You are changing the mutation rate but you are not changing the fact that mutations are random events.
If I know what kind of radiation causes which mutations, and I do it on purpose, then those mutations would not be random.
You need to give us an empirical example where a mutation is not a random event.
Have you tried doing a Google Scholar search for "non random mutations"?
I'll tell you what; when you start providing evidence for your claims, I'll come back and start looking for sources to provide you.
Random means something that occurs by chance, not predictable.
Right, and if whether or not a mutation occurs can be affected by previous states, unlike a coin toss, then those mutations do not occur by chance alone, i.e. they are not truly random.
I'm pretty sure that I hit the nail on the head in my first reply to you: You're misunderstanding what the Theory of Evolution means by calling a mutation
random.
It does not mean that all mutations happen purely by chance, like you are using it.

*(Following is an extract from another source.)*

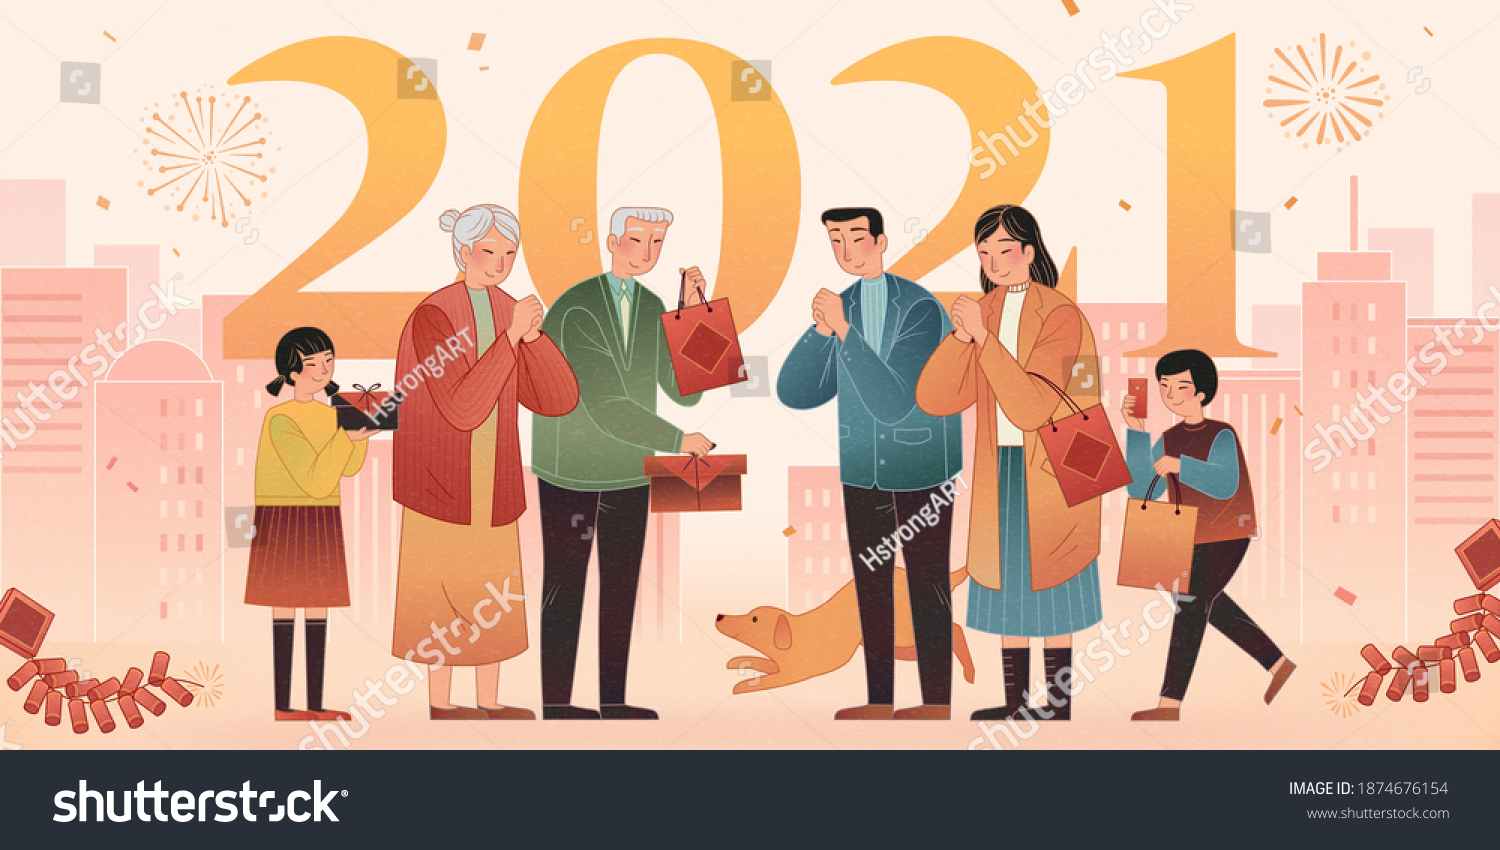 2021 Celebration banner. Asian family making greeting gestures on city silhouette background. #1874676154

Natural Selection occurs at the phenotype, and from that perspective, mutations do appear to occur purely from chance (and even in this case there are exceptions). The ToE talks about mutations being random
with respect to fitness.
That "with respect to fitness" is the important part you are missing, which is allowing you to make the mistake of treating mutations as a result of pure independent chance that you can then do coin-toss-like probability calculations on at the genetic level.
You can't treat all mutations as independent events and then provide a probability calculation to say that the odds of these particular mutations happening in series is impossible.